R128 versus ReplayGain

Now that kode54 has released his lovely scanner for foobar2000, I've been playing around with the two, trying to come up with some subjective characteristics that RG and R128 handle differently.

The first big thing is sub-bass! RG routinely rates sub-bass-heavy music as quieter than R128. This makes sense, given that RG is driven by equal-loudness contours. I wonder about the validity in the context of the electronic dance music scene, however. Though the equal loudness contours are probably accurate for pure audibility, the reality is that sub-bass is perceptible in more ways than just listening!

http://www.youtube.com/watch?v=iz_IVmxKKdw -- This track, one of my favourites of 2010, has nearly 4dB difference between R128 and RG. I'm pretty confident it's due to the difference in the way the two algorithms perceive bass. The track is driven by a deep sub-bass melody with minimal high-frequency content.

I know that this is a quick and dirty "analysis", but I wanted to open the floor for people doing comparisons between the two. I'm quite excited to see some competition in this field.

In general, the two algorithms seem to be very strongly correlated. Differences of <1dB are pretty much routine on the music I've tested so far.

R128 versus ReplayGain

Reply #1
I recently did a large analysis on a 45,000 track test database.  I'll extract the outliers (tracks with very high differences between RG and R128) and do some further subjective analysis.  I also have an over-representation of electronic dance music so this should help with your concerns, Canar.

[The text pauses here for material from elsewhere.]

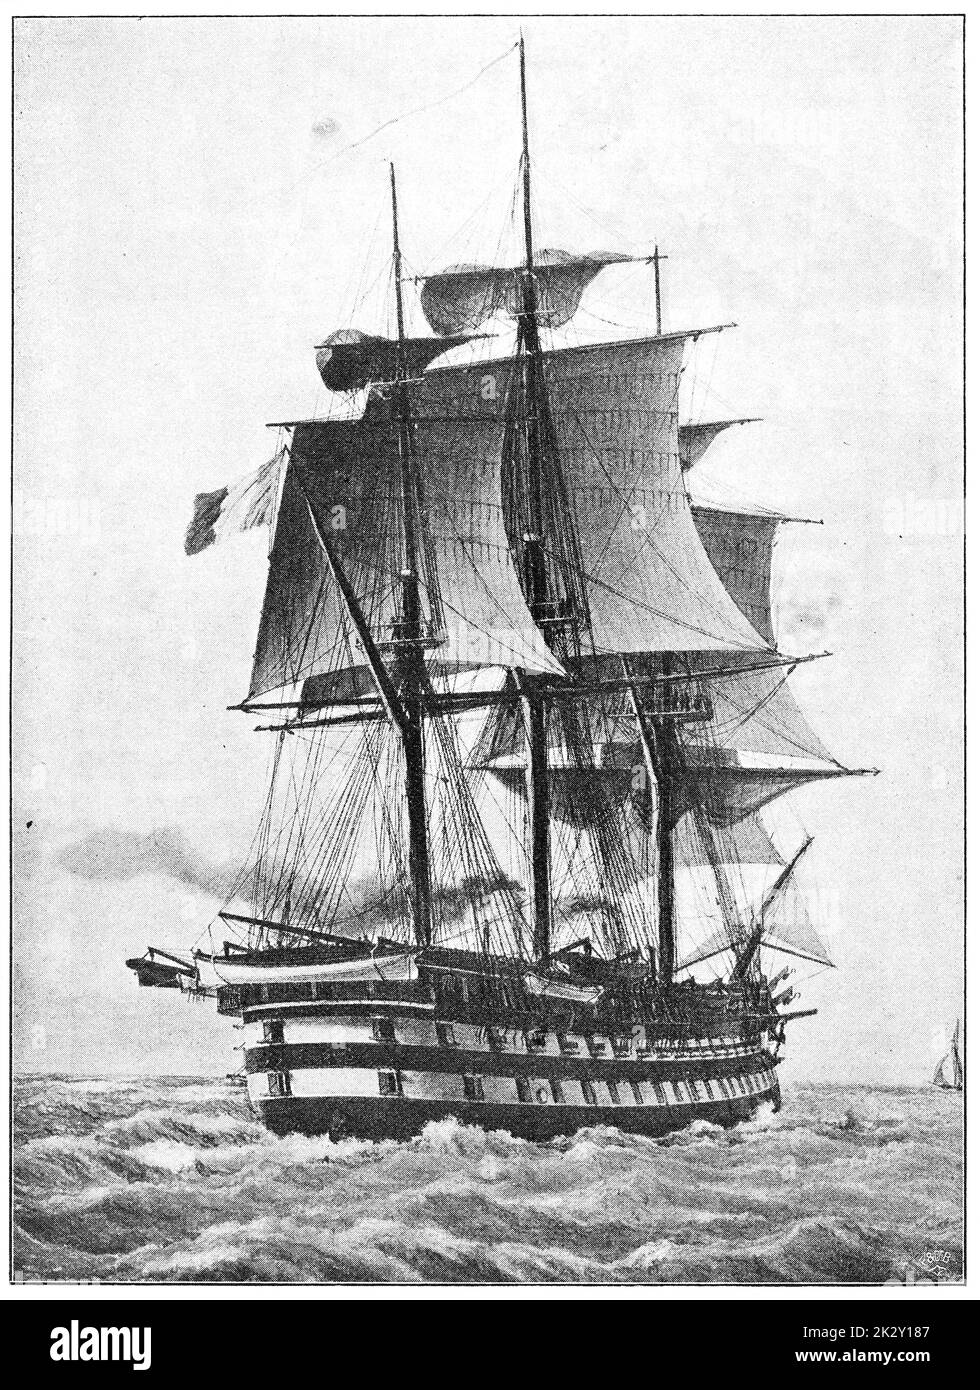 Napoleon (1850) - a 90-gun ship of the line of the French Navy, and the first purpose-built steam battleship in the world. Illustration of the 19th century. Germany. White background. Stock Photo

It'd also be interesting to see how much "better" ReplayGain could be with 66% window overlap and gating (removing silent windows)

R128 versus ReplayGain

Reply #2
My test: (2124 tracks/175 albums)


Nanowar of Steel - Pino from "Other Bands Play, Nanowar Gay!": RG=-2.65, R128=+1.47  (diff=+4.12)
Endura - Cyclopean Silo from "Liber Leviathan": RG=+5.63, R128=-2.2  (diff=-7.83)
(unfortunately I have these tracks only in MP3).

added:
Aphex Twin - Xtal from "Selected Ambient Works 85-92":  RG=+1.25, R128=-5.43  (diff=-6.68)

added2: upload thread

R128 versus ReplayGain

Reply #3
I'm not sure I'd use the word "concerns" to describe my emotions. I'm excited that we've got a new tool from a different party to help fight the Loudness War with. I'm interested in learning how they differ subjectively. The objective differences are well-documented.


R128 versus ReplayGain

Reply #5
The couple of studies posted in the other thread suggest that EBU R128 matches human perception slightly better than ReplayGain.

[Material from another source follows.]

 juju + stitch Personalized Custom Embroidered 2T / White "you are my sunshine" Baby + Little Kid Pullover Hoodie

Thanks for the graph lvqcl - that helps to visualise the situation really well.

It would be nice to have a similar graph with human perception on the x axis, and calculated values (two sets: R128 and ReplayGain) on the y axis. I don't know if the data sets are available though - the papers I saw just gave overall conclusions.

Cheers,
David.

R128 versus ReplayGain

Reply #6
Here are some selected releases comparison results. I plan to test many more tracks, but 3K is enough for such showups

Report by foo_texttools, using foo_r128scan and foo_rgscan:
  • Tab separated text file: http://pastebin.com/Tt4LfRic
     
  • Excel conditional formatted print picture:
    text not anti-aliased, maybe harder to read but image is 10 times smaller



    [847x1972: 48K]

Patterns used in Text Tools:
Code: [Select]
Track pattern: %album artist% / %album% '[' %genre%[ / %style%] ']'
Group header pattern: %title%$tab()%replaygain_album_gain%$tab()%replaygain_track_gain%$tab()%replaygain_album_peak%$tab()%replaygain_track_peak%

Genre and Style according Discogs AFAIK

R128 versus ReplayGain

Reply #7
I currently have no evidence nor did I do any comparison between RG and EBU R128 yet, but I noticed about RG that it gets beaten by compression sometimes (heavy guitars + compression). But it's also not unusual for acoustic (voice and accoustic guitar) albums to pop out being too loud.

I'm planning to pick out some problematic albums where I noticed a big difference in the perceived loudness and let a EBU R128 scanner reevaluate them.

R128 versus ReplayGain

Reply #8
Today I noticed an older release from Alva Noto and RG vs R128 difference more then 20 dB (first track) and also very different results for Ryoji Ikeda - here with interesting results for 2CD release



It seems obvious in which genres (from my collection) difference in major:
- glitch, microsound...
- doom, dark ambient...

R128 versus ReplayGain

Reply #9
Hmm, 21.17 dB...sounds like a record.

R128 versus ReplayGain

Reply #10
Has anyone listened to these tracks to try and determine which normalization value better matches subjective loudness?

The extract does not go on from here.